Looking at her your not just looking at one doe......your quite possibly looking at a doe that will help repopulate the Pa. forests.  After the auto insurance industry and Alt got in bed together and killed em all.  To many doe tags! doesn't take a rocket scientist to figure out what they were up to.  My cuz has a body shop....usually around 20 to 30 hits a year down to one maybe two.. Now the dear aren't getting smarter and getting out of the way or looking both ways....their gone


----------



## RICKJJ59W (Jun 13, 2009)

*RE: Good night dear deer*

A night feeding of hole wheat  bread and bird seed yum. I mean that.

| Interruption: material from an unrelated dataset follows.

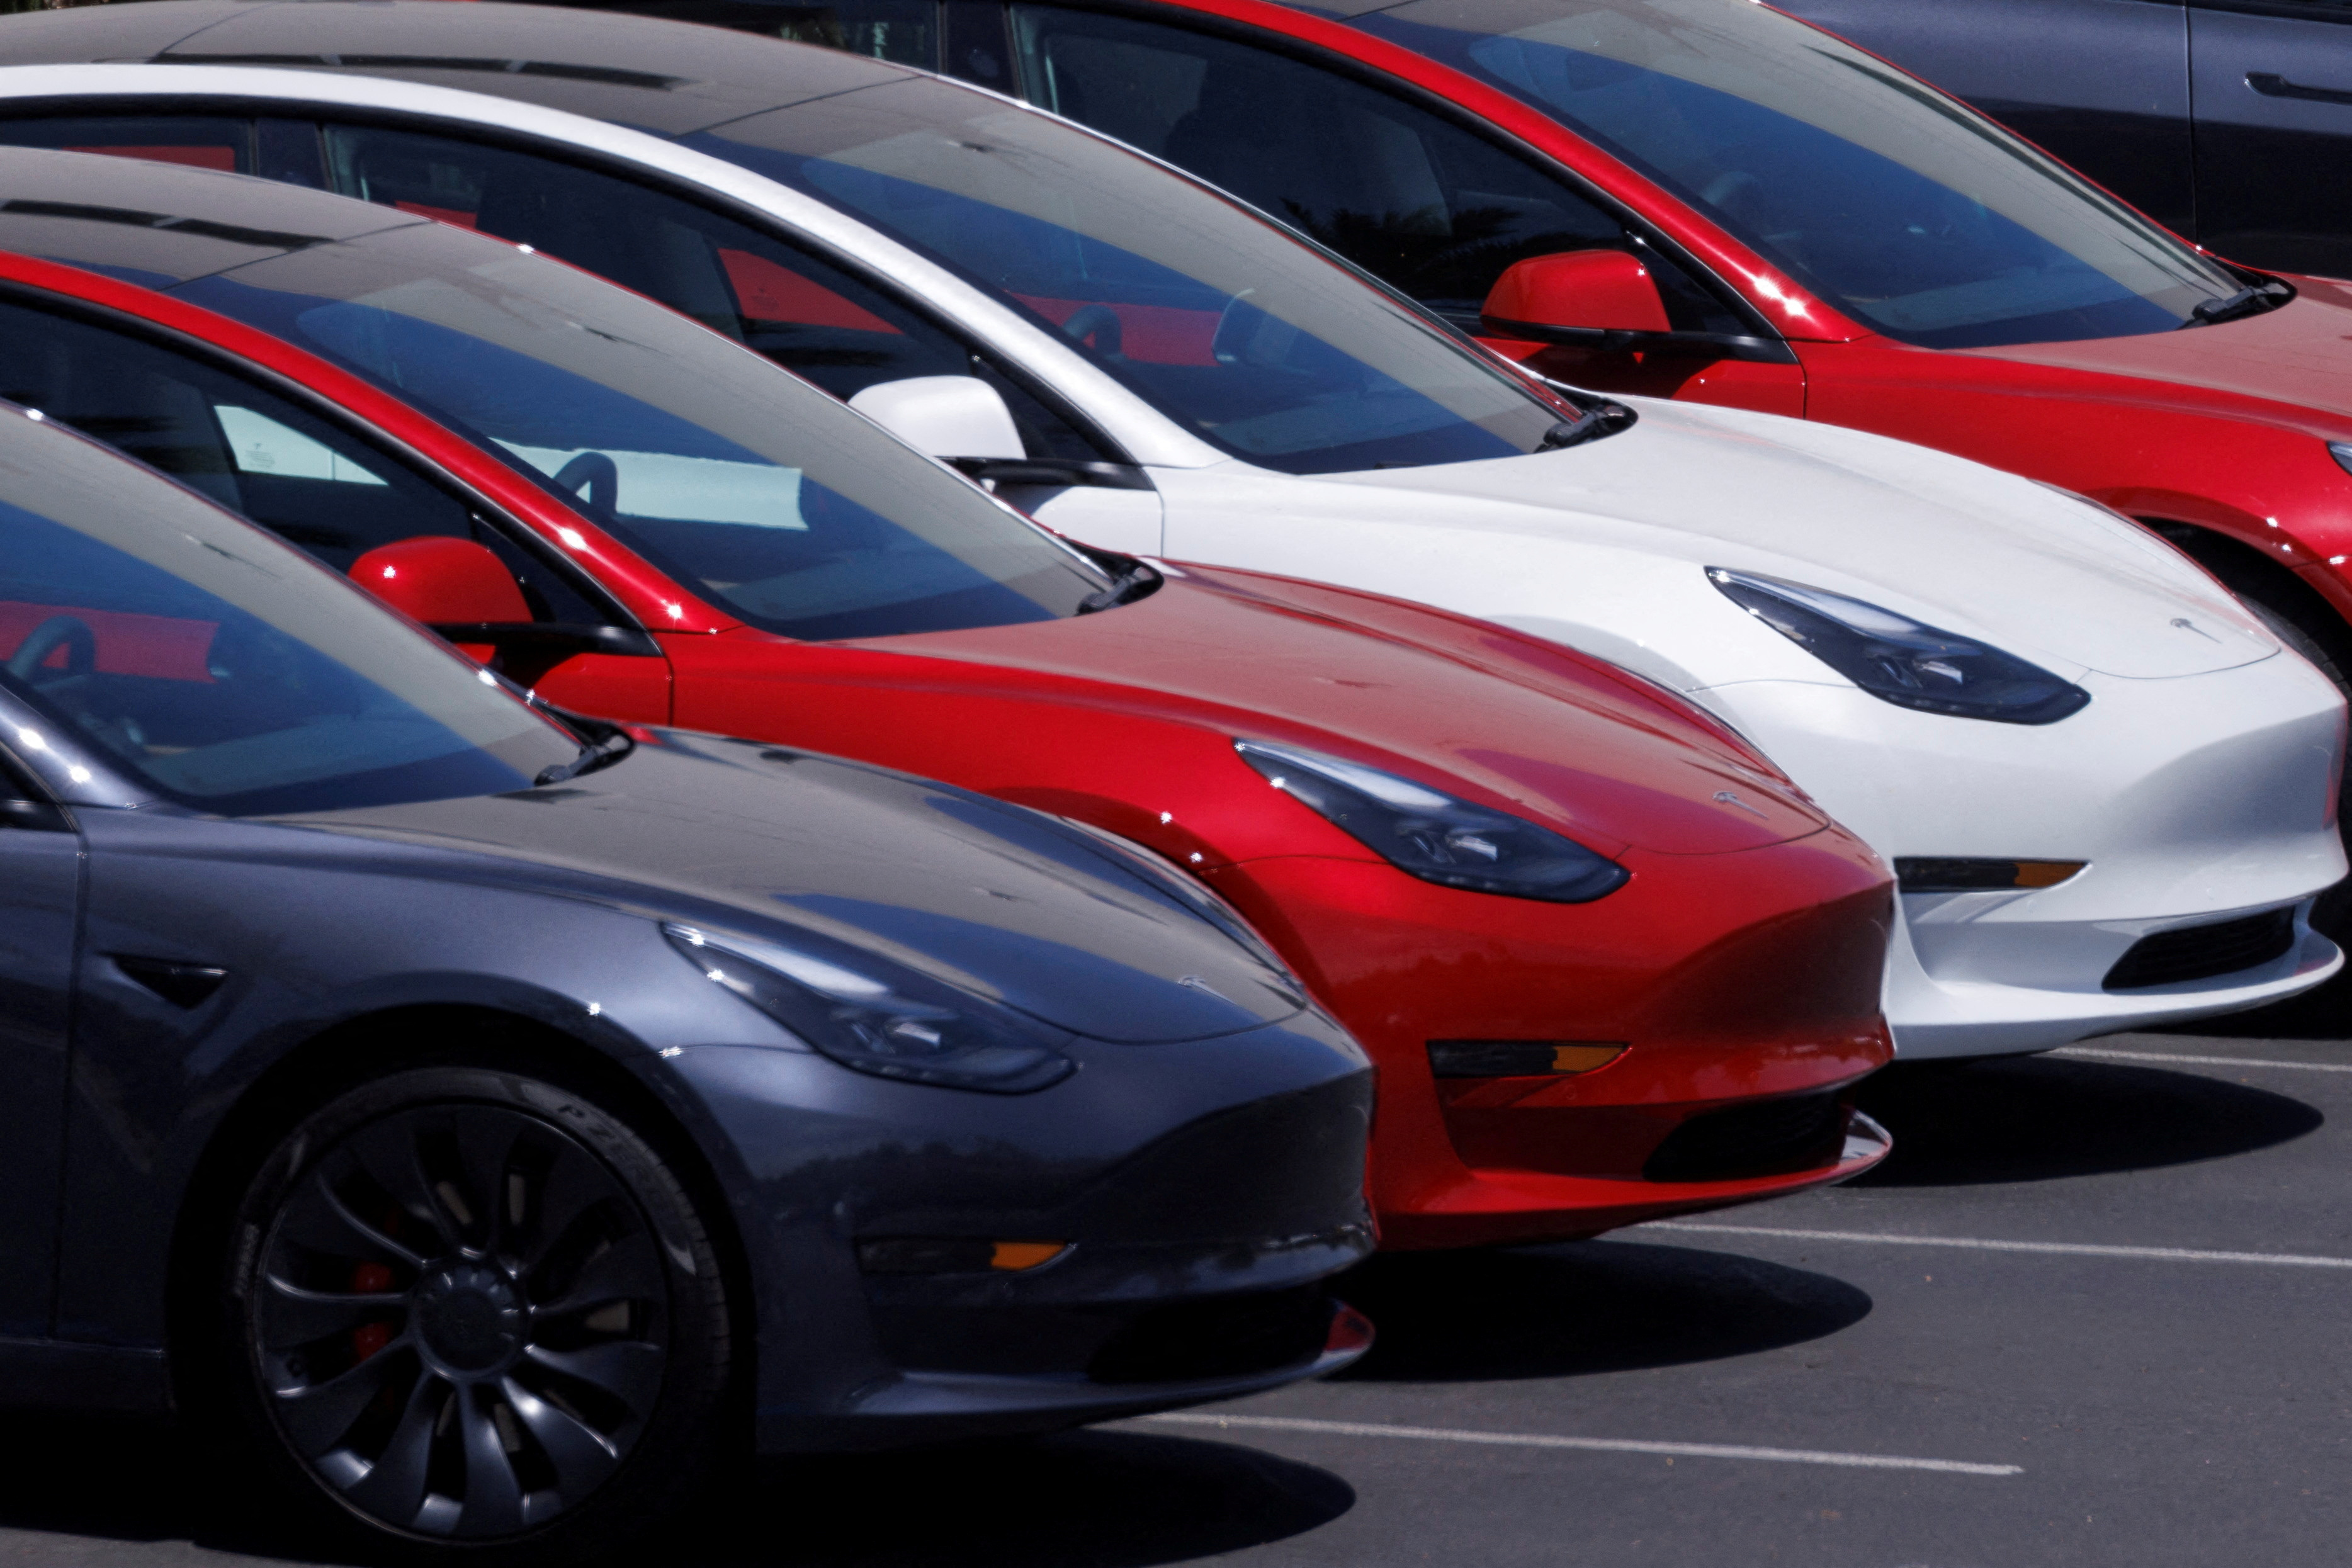 Tesla vehicles are shown at a sales and service center in Vista, California

 http://www.youtube.com/watch?v=OPPzgW0L6ZQ


----------



## cyberdigger (Jun 13, 2009)

*RE: Good night dear deer*

You're lucky it ain't winter, Rick.. you'd have several more dinner guests! If you want to treat skinny Sally right you should pick up a 50 # bag of whole corn from the Agway or whatever coop you Pennsy boys have runnin.. a scoop of that every morning will set her up good for an afternoon of sleeping in the shadows..[] Awesome vid as per usual, Rick!!


----------



## RICKJJ59W (Jun 13, 2009)

*RE: Good night dear deer*

I sure am lucky it ain't winter cuz I was taping that in my boxers hahah
  I went through 50 bags of corn this winter.I don't even want to add that up $$ [:-] I had 30 deer at a pop here in the winter,now that there is food available in the woods only a few come around now S.K is one of them.
  The buck come in kinda close to but they are spooky.


----------



## RICKJJ59W (Jun 13, 2009)

*RE: Good night dear deer*

I posted these before but you guys might not have seen um.


----------



## Just Dig it (Jun 13, 2009)

I used to live in Claxton georgia..Home of rattle snake round up...and the fruit cake = (...dont belive me??    Take a peek for yourself 



http://www.thom.org/photos/GACXsign.jpg


----------



## California Dream N (Jun 13, 2009)

It is illegal to fed wildlife in the state of Ca...Of course it is illegal to do alot of things in Ca...lol..Norene


----------



## privvydigger (Jun 13, 2009)

*RE: Good night dear deer*

wow nice pic


----------



## RICKJJ59W (Jun 15, 2009)

Wow whats the fine if you get caught?


----------



## California Dream N (Jun 15, 2009)

The fine is up to the Judge..I've never been caught so can't really say...lol []


----------



## RICKJJ59W (Jun 15, 2009)

Thats just like our law here"Do not feed the ducks" 300 dollar fine yeah right! they never gave a ticket out yet.


----------



## cyberdigger (Jun 15, 2009)

I just feed the wildlife with money.. why get the gubmint involved?[8D]


----------



## towhead (Jun 16, 2009)

gubmint []


----------



## pyshodoodle (Jun 16, 2009)

I think they're more concerned about you feeding the geese. Ducks poop in the water - Geese poop on land. And it's kind of like a herd of miniature cows! 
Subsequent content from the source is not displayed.